### Exercise requirements
Line by line, retype the data exactly as it is given.

### Input data
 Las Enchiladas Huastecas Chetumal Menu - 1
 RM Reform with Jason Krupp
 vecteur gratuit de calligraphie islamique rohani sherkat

### Result of this exercise
 Las Enchiladas Huastecas Chetumal Menu - 1
 RM Reform with Jason Krupp
 vecteur gratuit de calligraphie islamique rohani sherkat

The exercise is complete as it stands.